■ Listed entries:
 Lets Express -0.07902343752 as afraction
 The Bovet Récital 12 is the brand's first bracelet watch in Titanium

...

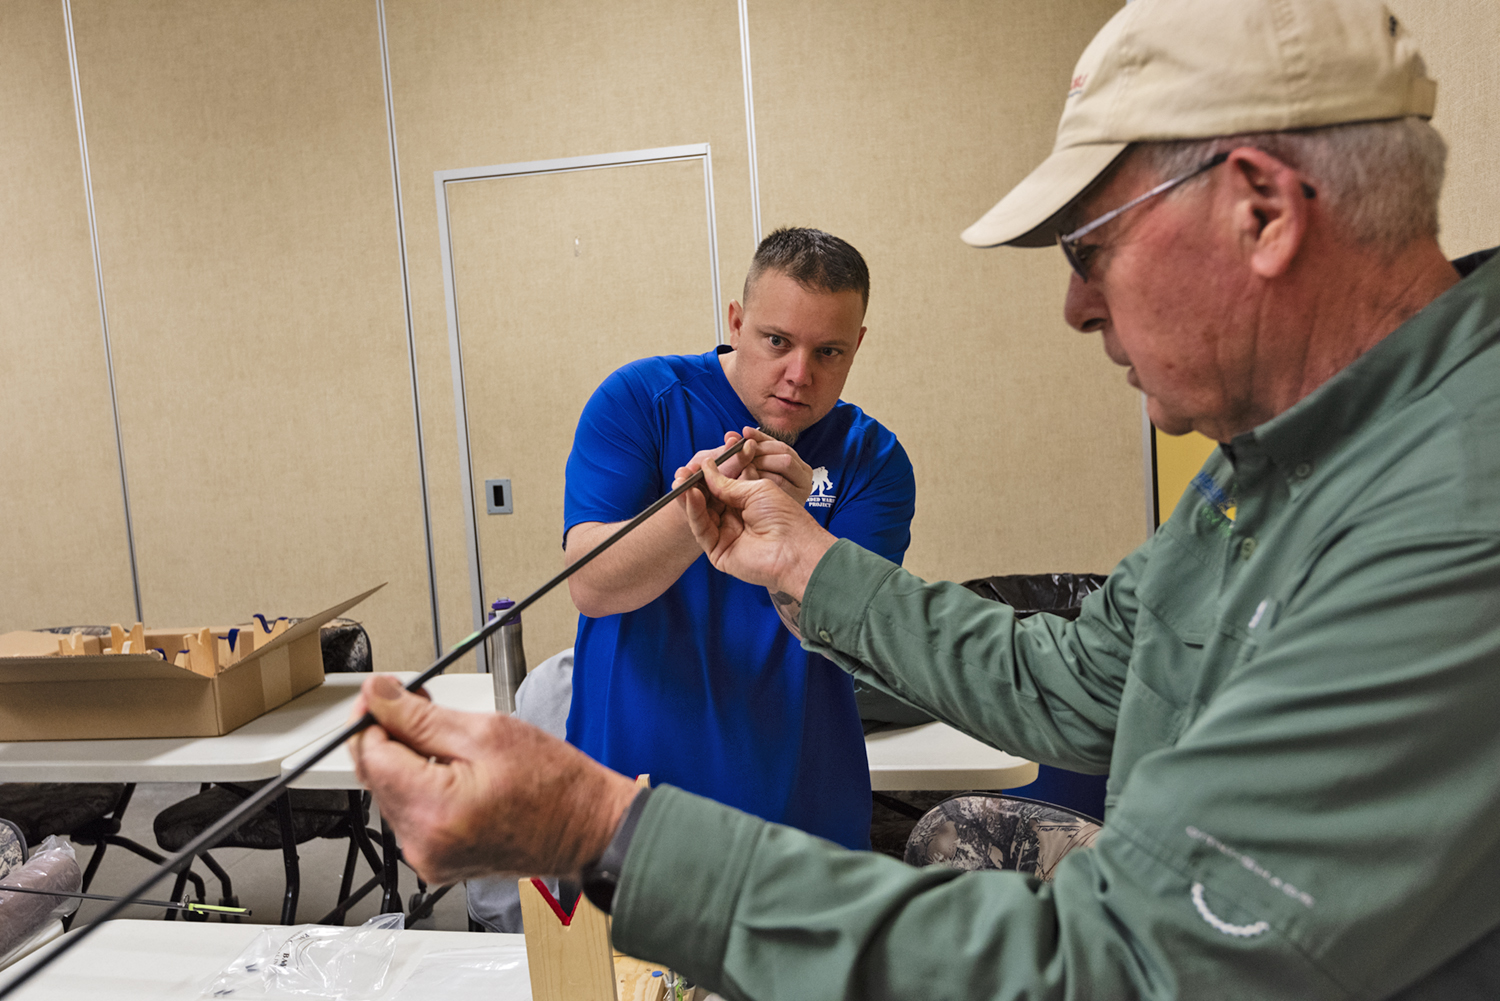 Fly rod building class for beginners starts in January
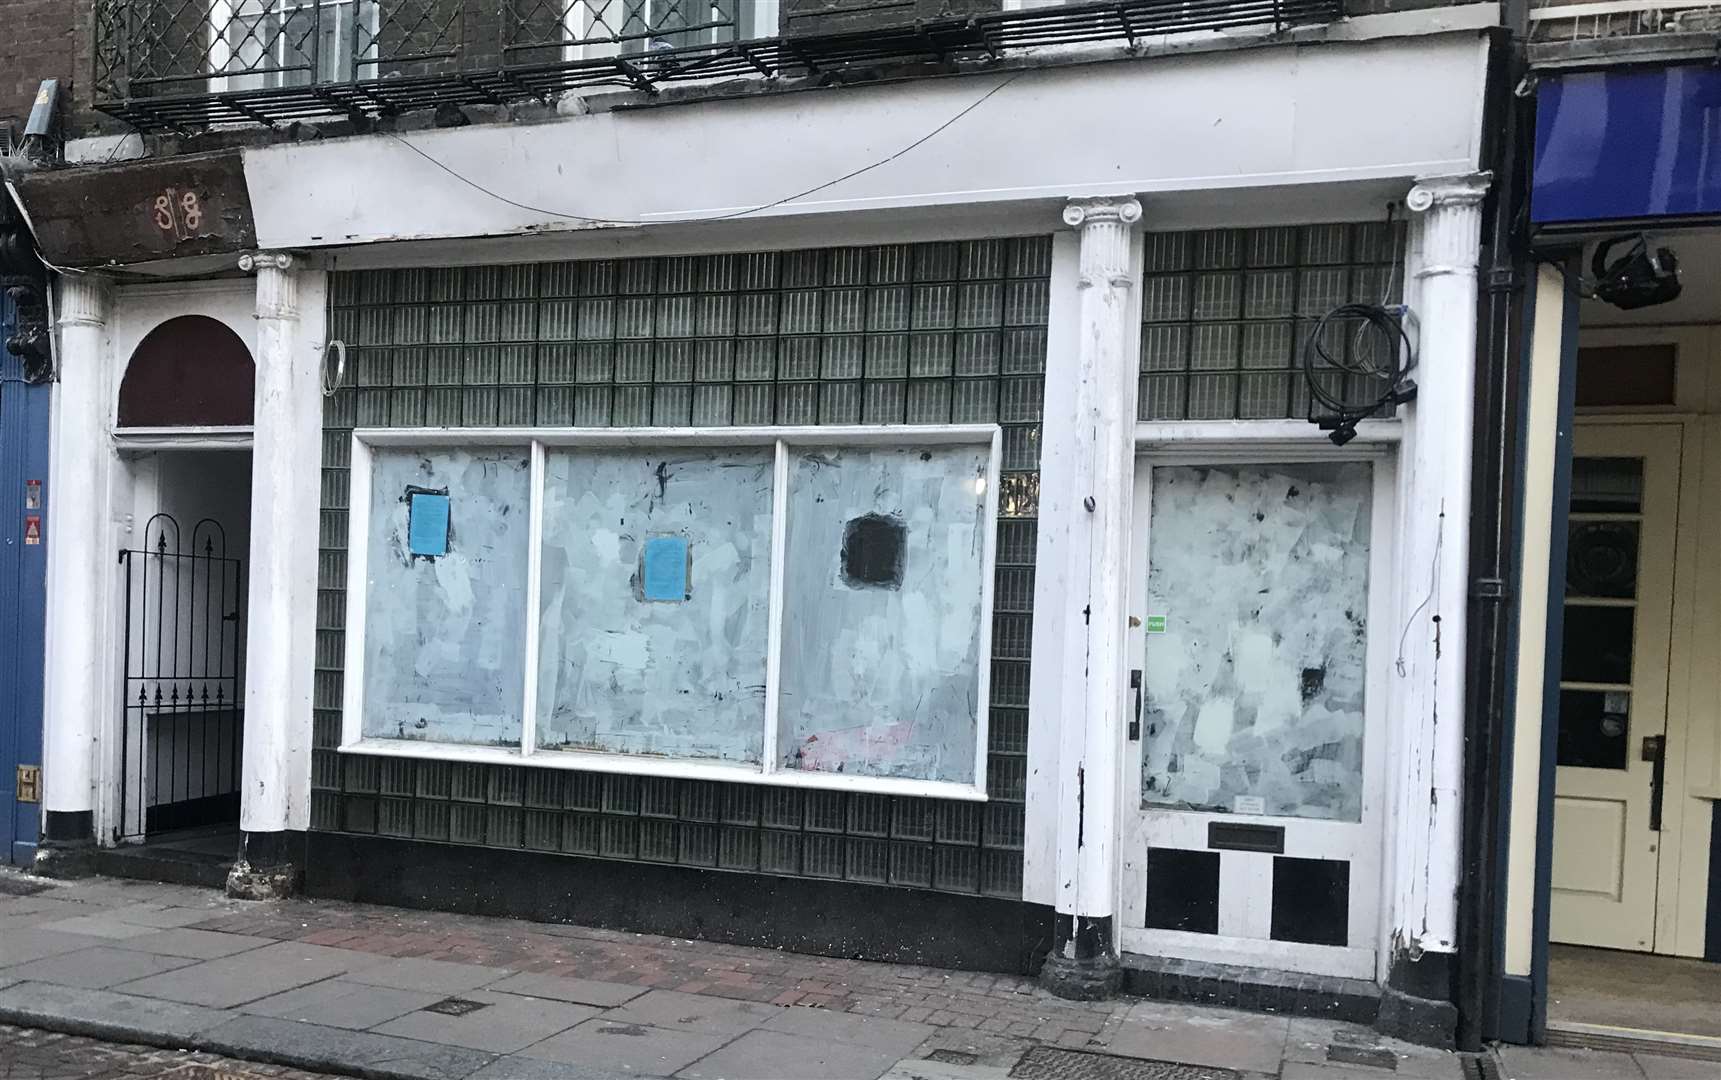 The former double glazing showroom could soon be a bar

■ About this exercise: Above are the records; repeat exactly the lines from the one holding "Lets Express -0.07902343752 as afraction" down to the one holding "The Bovet Récital", end lines included.

■ Problem solution:
 Lets Express -0.07902343752 as afraction
 The Bovet Récital 12 is the brand's first bracelet watch in Titanium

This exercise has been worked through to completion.